Doublet calling
The algorithm for doublet calling contains the following steps.
Doublet simulation
The input expression data is first normalized by using log(1 + scaled expression). Scaling is performed such that the total expression per barcode is 10000. This normalization procedure is very simple, but sufficient for doublet calling. Note that it is different than the normalization described in Normalize Single Cell Data.
The dimension of the data is then reduced by projecting it into PC space. See Feature selection and dimensionality reduction for more details. Note that feature selection is not used here.
Heterotypic doublets are afterwards simulated: one doublet is obtained by averaging the expression of two random barcodes that are sufficiently different from each other. For this, a k-nearest neighbor graph is calculated and two barcodes are considered sufficiently different if they are not found within each other's neighborhoods. The value of k is set from `Neighborhood size (%)'. Note that simulation might fail if this is set too high.
Simulated doublets are normalized and projected into the PC space.
Doublet features calculation
A k-nearest neighbor graph is calculated for all input barcodes and simulated doublets using a pre-defined set of values for k. For each input barcode and simulated doublet, the following doublet features are calculated:
- Is the nearest neighbor a simulated doublet?
- Distance to the nearest neighbor.
- Ratio between the distance to the nearest simulated doublet and nearest input barcode.
- For each value of k, the percentage of neighbors that are simulated doublets.
- For each value of k, the sum of the distances to the neighbors that are simulated doublets, divided by the sum of the distance to all neighbors.
Doublet classification
A Support Vector Machine (SVM) binary classifier is trained using the doublet features from above. Training is performed iteratively:
- In the first iteration, all input barcodes are used in the training data as singlets.
- In the subsequent iterations, input barcodes that are predicted as doublets are removed from the training data.
- The model's performance from each iteration is evaluated by the number of incorrect predictions it makes. There are three kinds of incorrect predictions:
- how many simulated doublets are predicted as singlets;
- how many input barcodes used in the training data are predicted as doublets (as these were assumed to be singlets);
- how many input barcodes not used in the training data are predicted as singlets (as these were assumed to be doublets).
- Training ends when the input barcodes that are are predicted as doublets do not change or the performance of the model does not improve after a number of iterations.
- Doublets are finally predicted using the model with the best performance. All input barcodes that are predicted as doublets are removed.

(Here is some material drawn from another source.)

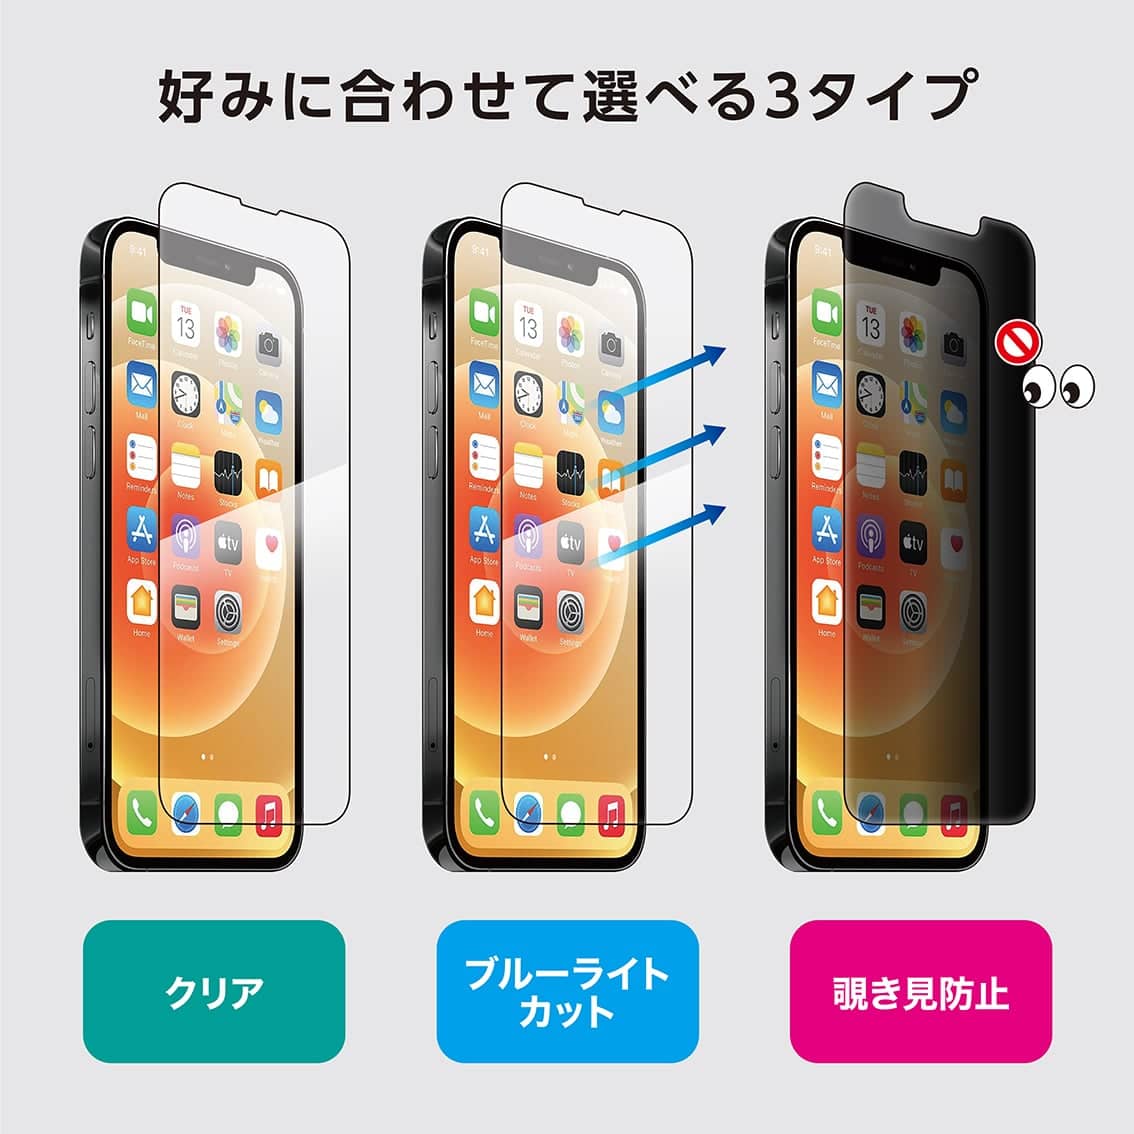 新型 iPhone13 Pro Max 対応 超薄 0.15mm ガラスフィルム クリア ブルーライトカット 覗き見防止 iPhone 2021年モデル 6.7インチ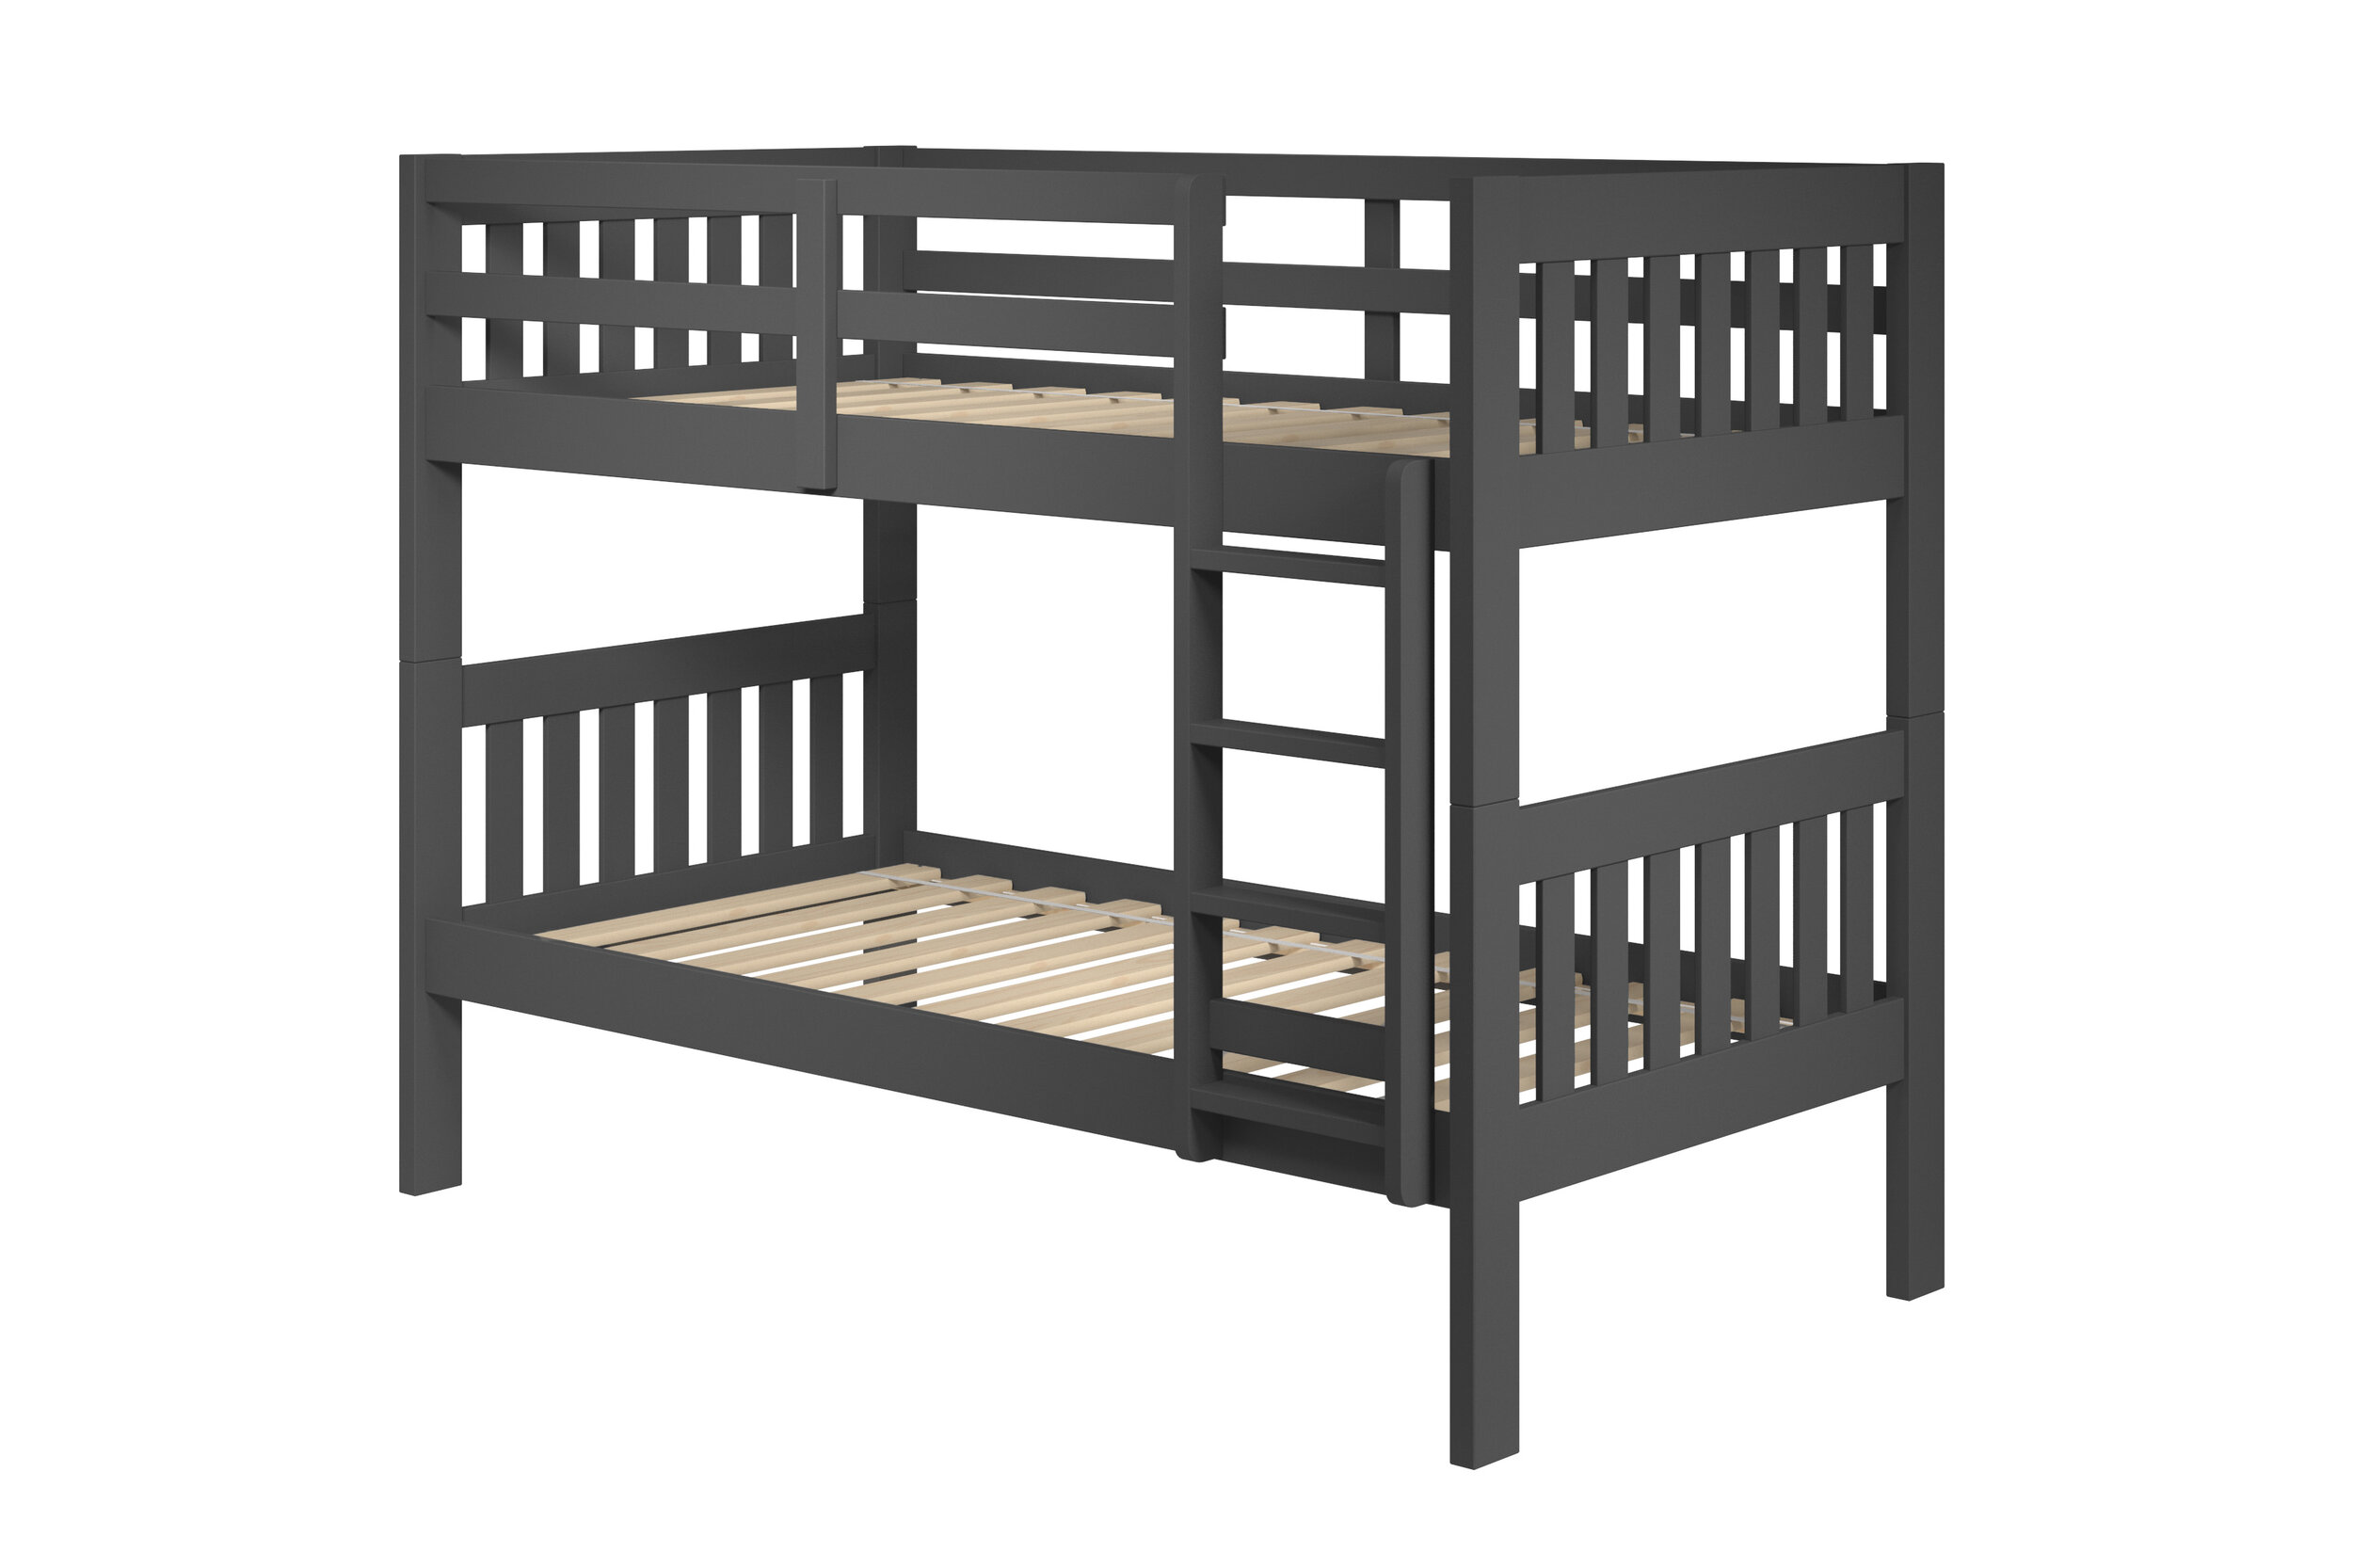 woodcrest bunk beds

The SVM produces a doublet score where a positive value indicates a doublet. Input barcodes are predicted as doublets as follows:
- `Specify expected doublets' is unchecked: Input barcodes that have a positive score.
- `Specify expected doublets' is checked: Input barcodes are sorted according to the score and barcodes with the highest scores are assigned as doublets.
- During training, `Expected doublets (%)' determines how many barcodes are predicted as doublets.
- For the final prediction, a doublet score threshold is calculated such that the number of input barcodes with a doublet score above this threshold falls in the interval given by `Expected doublets (%)' `Correction margin (%)' and the threshold is as close to 0 as possible.